With all that done we can finally get plotting. The persp function should not be that unfamiliar if you have plotted using the base plot function, except for the theta and phi values, which I’ll explain in a bit.
p <- persp(x,y,z, theta = 30, phi = 20,
col = "lightblue", shade = 0.8, ticktype = "detailed")
Now lets plot the observed points, and add line segments to the predicted points.
obs <- trans3d(x1, x2, yobs, p);
pred <- trans3d(x1, x2, fitted(model), p);
points(obs, col = "red", pch = 16);
segments(obs$x, obs$y, pred$x, pred$y)
As you’ll notice the persp function creates a surface with a 3D perspective box around it. The default ticktype option (simple) doesn’t give the variable values, so I like to set it to “detailed”.
Now let’s play around a bit with the phi and theta options to see what they do.
p <- persp(x,y,z, theta = 0, phi = 20,
col = "lightblue", shade = 0.8, ticktype = "detailed")
So it appears that theta rotates the image around its vertical axis (i.e. left and right). I wonder if phi rotates it around its horizontal axis (up and down).
p <- persp(x,y,z, theta = 30, phi = 45,
col = "lightblue", shade = 0.8, ticktype = "detailed")
It does! Basically if you want to rotate the perspective play around with the theta and phi parameters.
Perspective plots are good for understanding the relationship between different variables, but they can make it difficult to figure out what the actual value of one variable is given the other two. In order to do that, it would be better to use something called a contour plot. Fortunately, the steps necessary for contour plotting are mostly the same as for perspective plotting; the only difference is in the plot itself. The following examples use the same x, y, and z values as in the perspective plotting examples.
In the base package, you can use the contour function. The nlevels option allows you to choose how many levels of z to display.
contour(x,y,z, nlevels = 20)
I have always found the contour lines to be a bit confusing, especially for a linear function. They represent isoclines, like terrain lines on a map; the closer together they are the steeper the slope. By looking at the intersection of any x and y value and noting the nearest contour lines, you can figure out an approximate value for z. So, for example, in the above plot, an x value of -1 and a y value of 5 intersect just below the -5 contour. The actual value of z at that point is about -4.8, so it’s a pretty good approximation.

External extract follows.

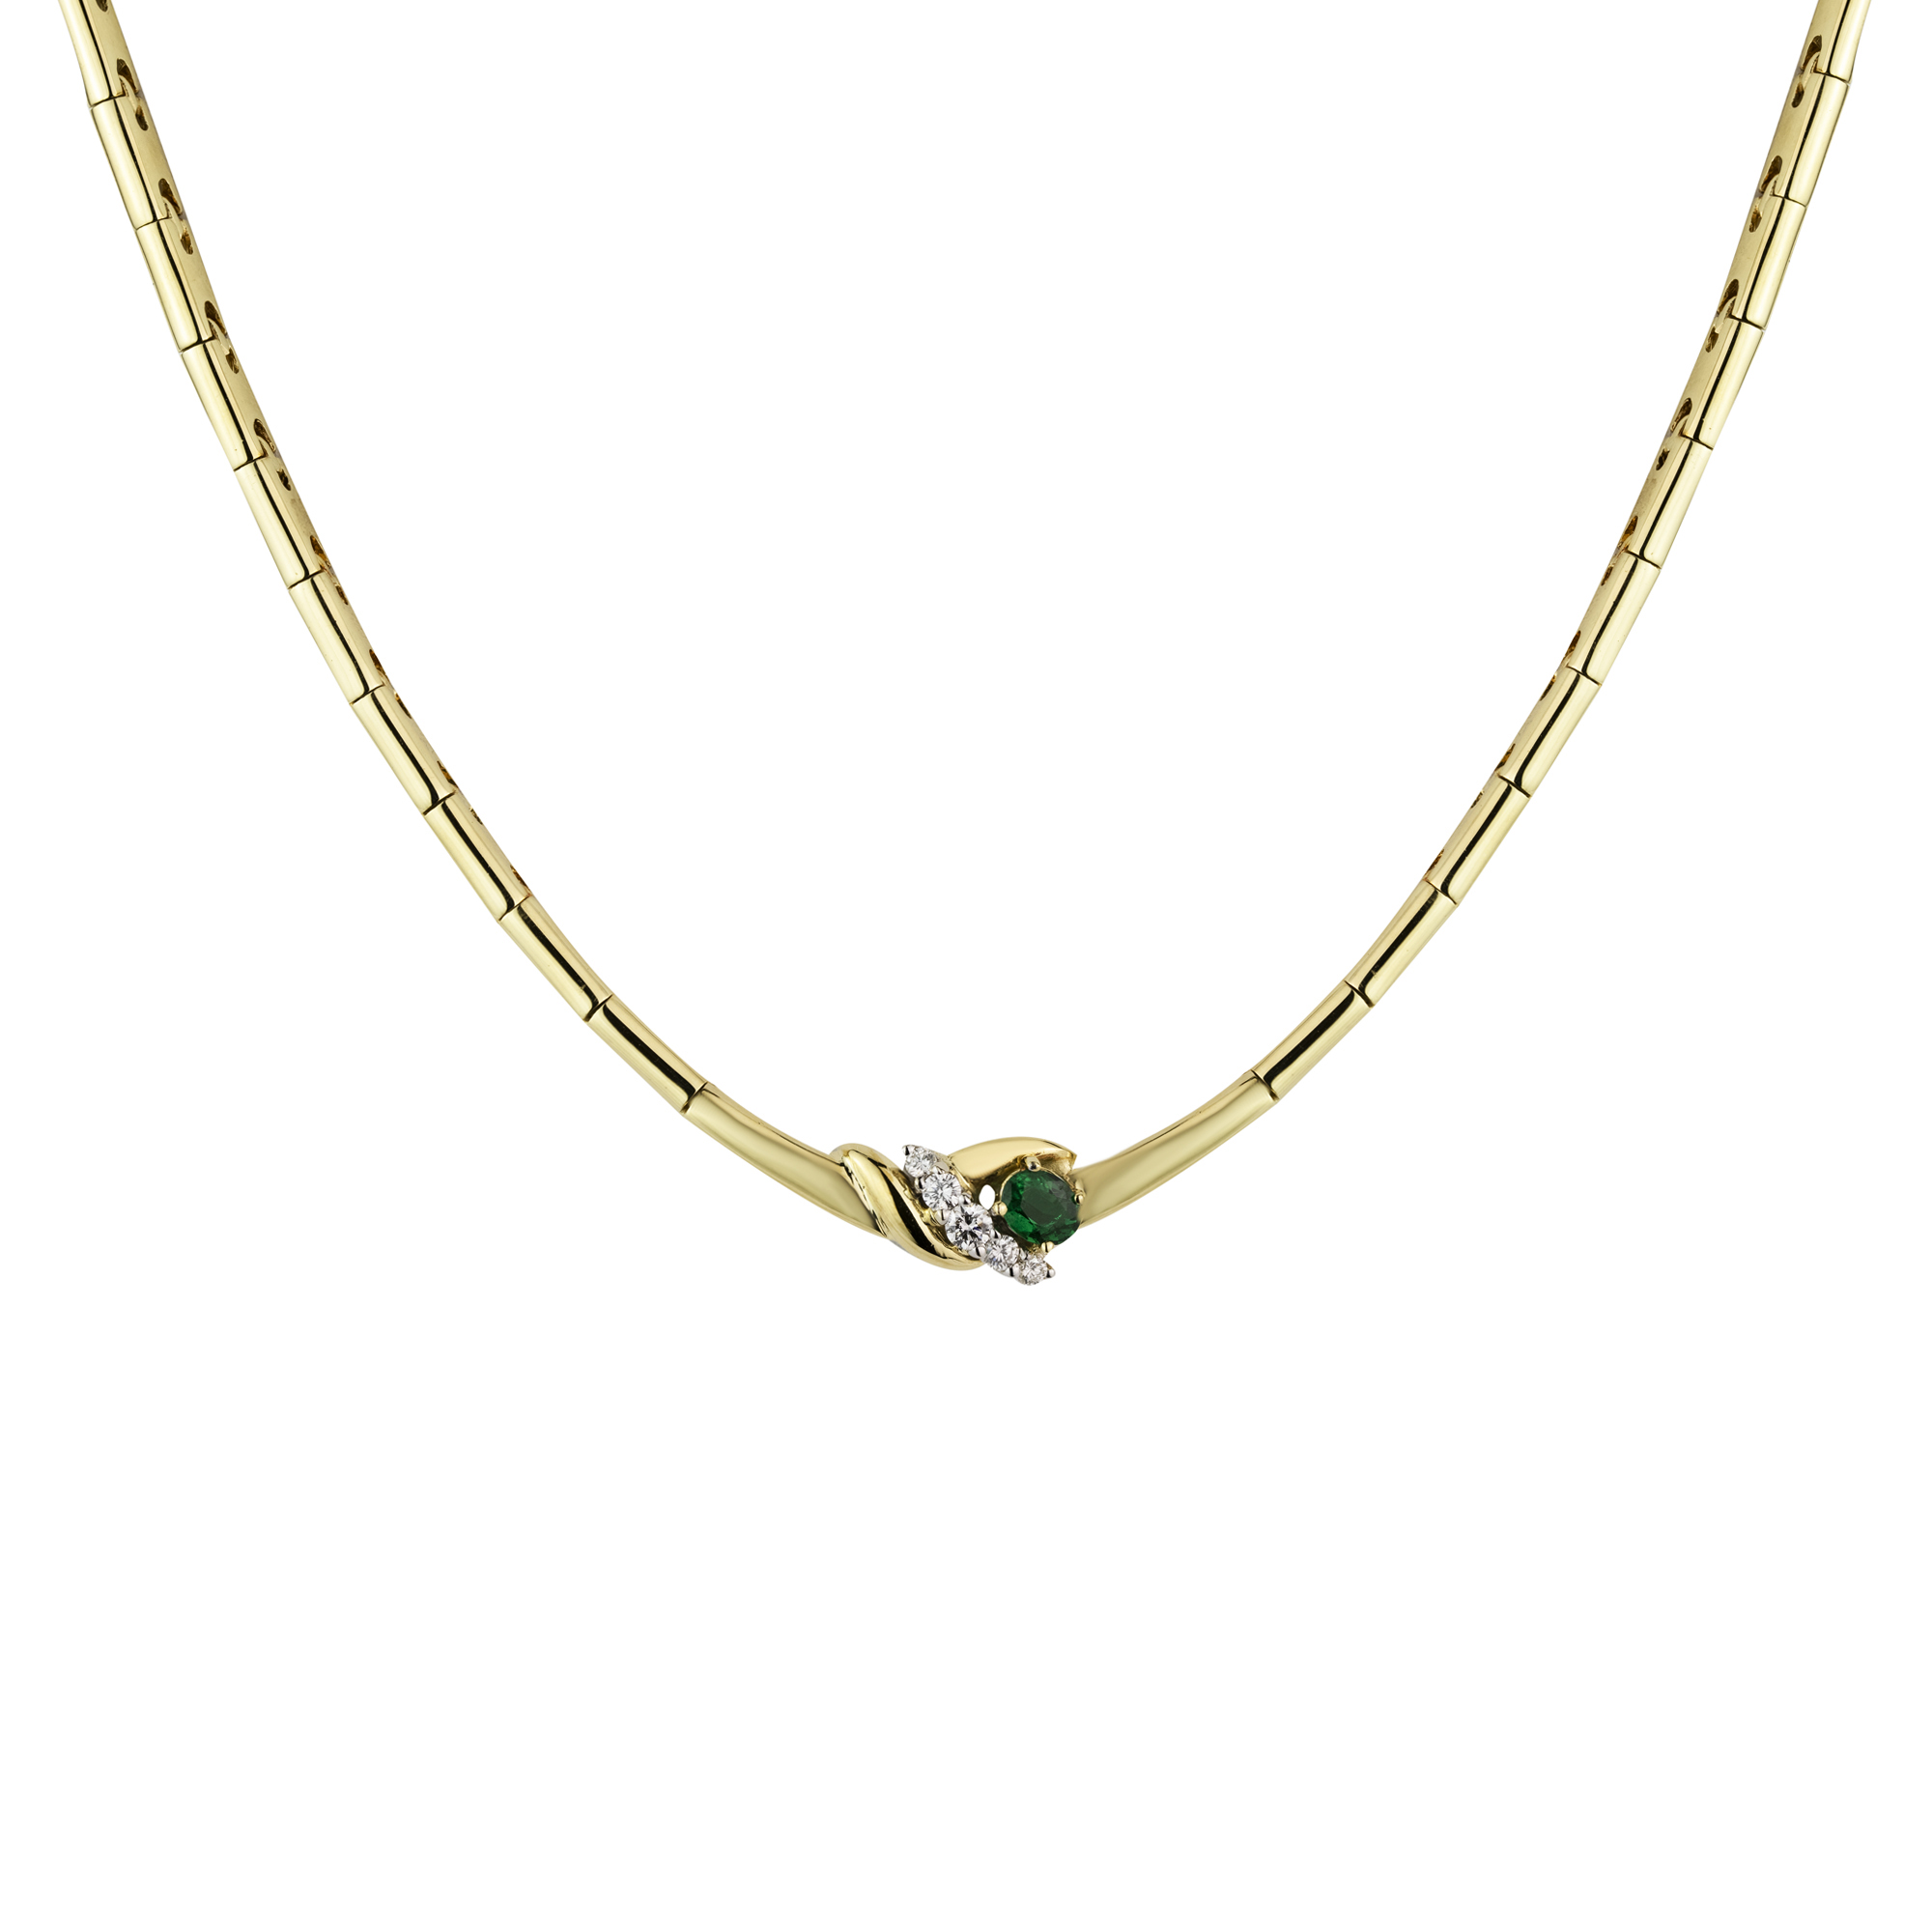 An 18ct yellow gold diamond and emerald necklace

The base contour function isn’t bad, but it could use a bit of jazzing up. The filled.contour function in the graphics package can produce much prettier results that can make finding corresponding x values a bit easier.
require(graphics)
## Using the terrain color plaette with 20 levels
cols <- terrain.colors(25)
filled.contour(x, y, z, nlevels = 20, col = cols,
ylab = "y", xlab = "x", key.title = title("z"))
Instead of having the labels on the contour lines, they are on a handy little legend on the right.
So that’s some ideas for 3d plotting in R, I hope you find it useful.